The target: Norfund, a Norwegian state-owned Private Equity company.
The take: $10 million USD, diverted from a microfinance institution in Cambodia to a Mexican bank account.
The attack vector: Attackers gained access to Norfund’s e-mail system, likely via a phishing attack, and studied communication between Norfund and their partners. This allowed them to identify those responsible for money transfers, and create a false Norfund e-mail address to impersonate the individual authorized to wire large sums of money via their bank. The attackers diverted the payment intended for the Cambodian institute to a Mexican bank account, fraudulently created in the same name. The attackers delayed discovery of the fraud by over a month by continuing communication in both directions with both Norfund employees and the Cambodian institute, thereby ensuring that the banks would be unable to reverse the fraudulent transfer.
This is, unfortunately, yet another example of a sophisticated business e-mail compromise attack, wherein a very capable group of attackers used access to an internal system to learn the patterns, habits, and procedures of an organization and then proceeded to exploit them. Addressing complex threats like this one require complex and multi-levelled controls – user phishing training and two-factor authentication for e-mail accounts, monitoring of access to e-mail systems, and robust and layered controls around cash transfers that require multiple channels of verifiable communication.
The target: Small Business Administration (SBA), a US government agency that supports entrepreneurs and small businesses.
The take: Up to 8,000 applications for Economic Injury Disaster Loans may have been improperly exposed to other applicants, including such sensitive data as social security numbers, addresses, phone numbers, dates of birth, income and financial/insurance information.
The attack vector: A flaw in the caching configuration of the online loan application portal, implemented to accommodate increased demand, meant that when one applicant pressed the ‘back’ button in their web browser during the application process, they may have been served a page containing the application data belonging to another business.
Scalability of critical infrastructure is an essential component of web applications and electronic tools – sudden increases in demand for certain services are a reality in the face of the evolving COVID-19 pandemic.
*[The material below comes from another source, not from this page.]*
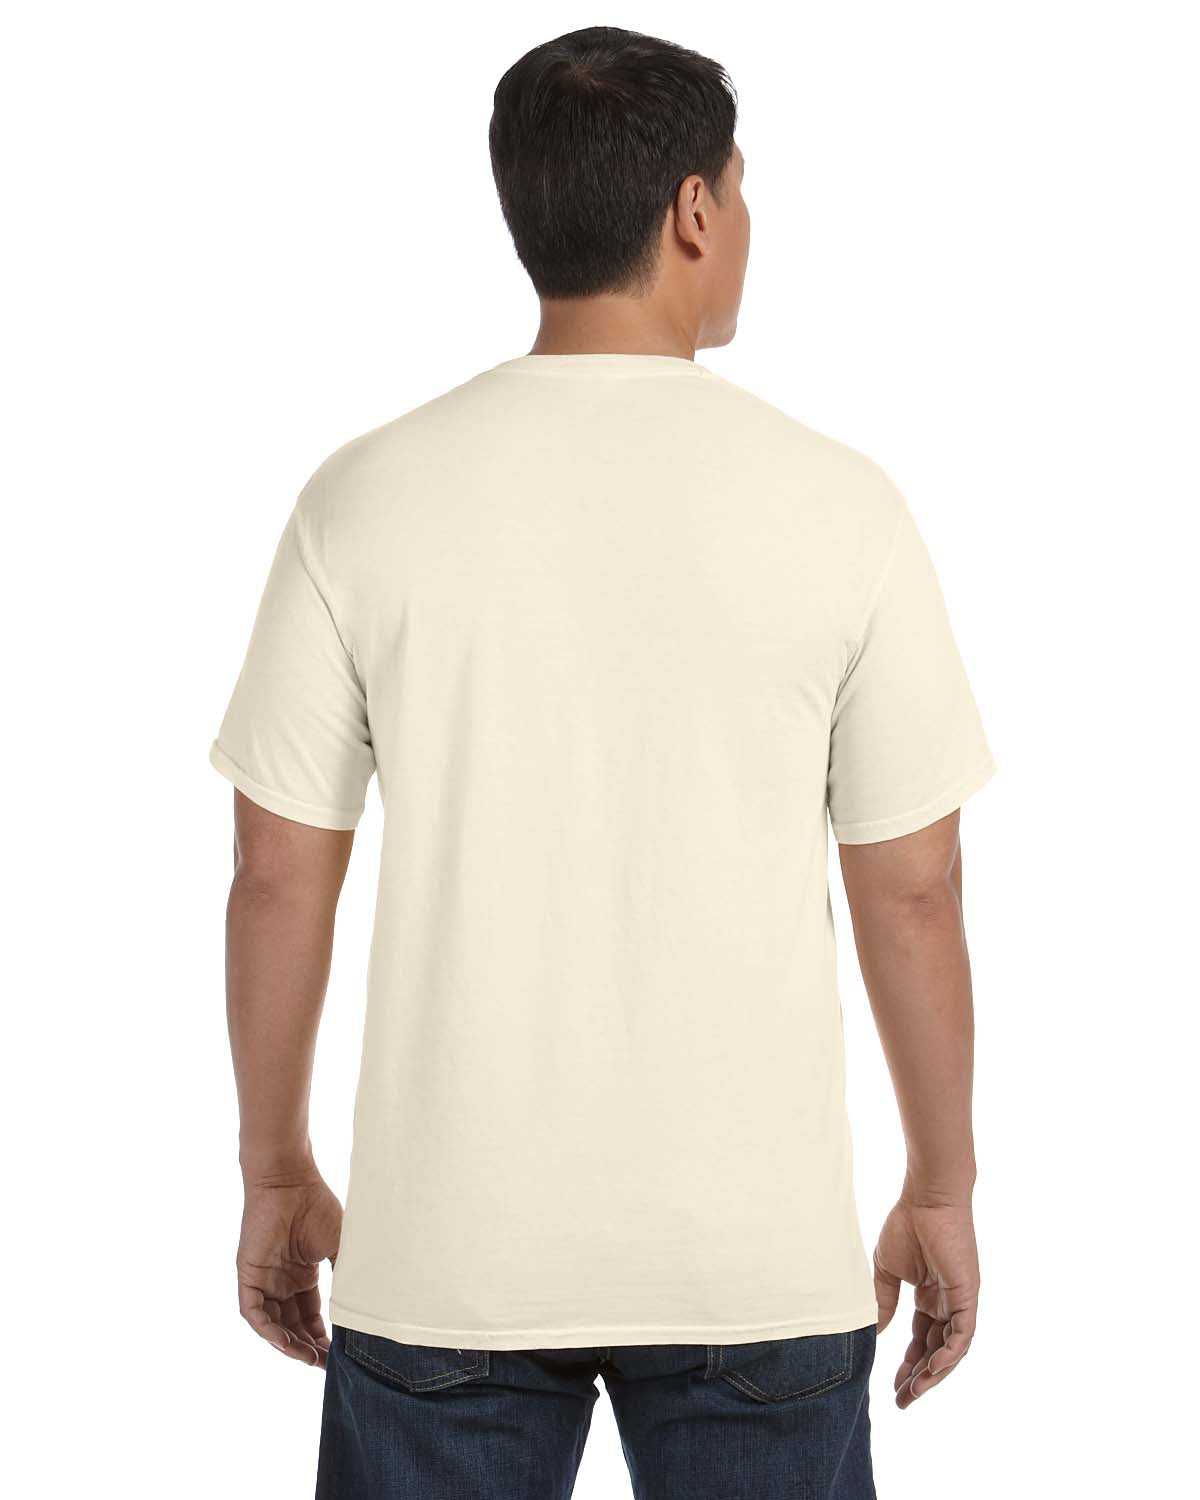 Bayside 5910 USA-Made Heavyweight Ringspun T-Shirt - Cream

It is equally critical, however, that while considering system capacity, security controls are not weakened.
The target: Council of the City of Sheffield in South Yorkshire, England
The take: 8.6 million records of vehicle movements, labelled with license plate numbers and millions of photographs from the county’s 100 surveillance cameras.
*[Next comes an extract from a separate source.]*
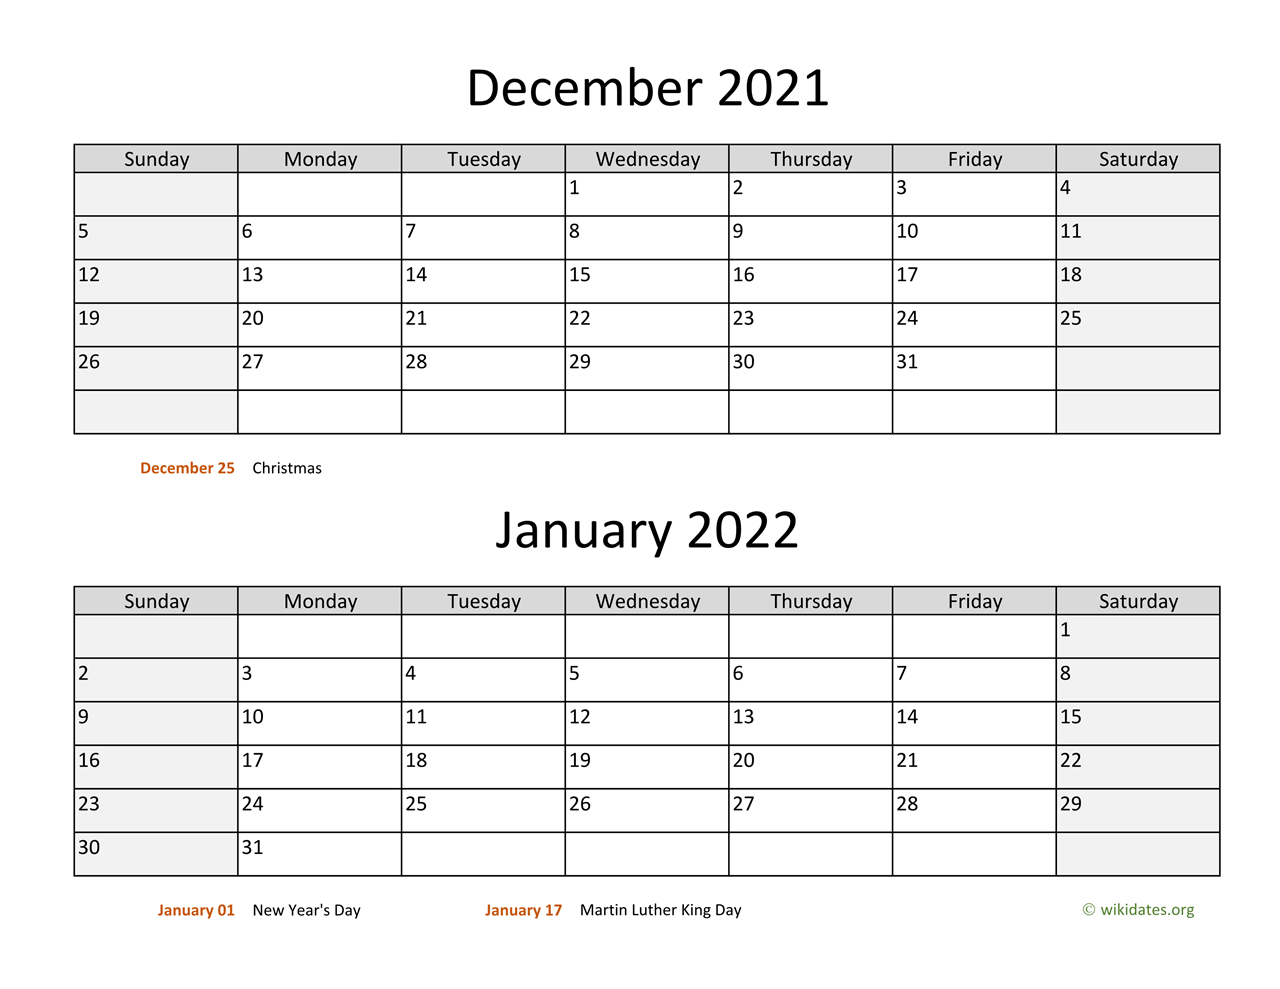 December 2021 To January 2022 Calendar December 2021 And January 2022 Calendar | Wikidates.org

The attack vector: The city’s Automatic Number Plate Recognition (ANPR) system was left exposed and publicly available to anyone with an internet connection – furthermore, the internal dashboard on this exposed system employed absolutely no password protection or other method of authentication. Anyone with the public IP address of the system could immediately access and search the system by license plate number, potentially allowing bad actors to recreate the travel patterns and movements of individual citizens, minute by minute.
As we have previously emphasized, security controls must be commensurate with the level of sensitivity of data being stored, and must travel with that data throughout its lifecycle. When personally identifiable information is being collected and processed, best practise would prescribe multiple compensatory layers of protection, as consequences for breaches of such data can include falling afoul of the GDPR and privacy legislation in other jurisdictions.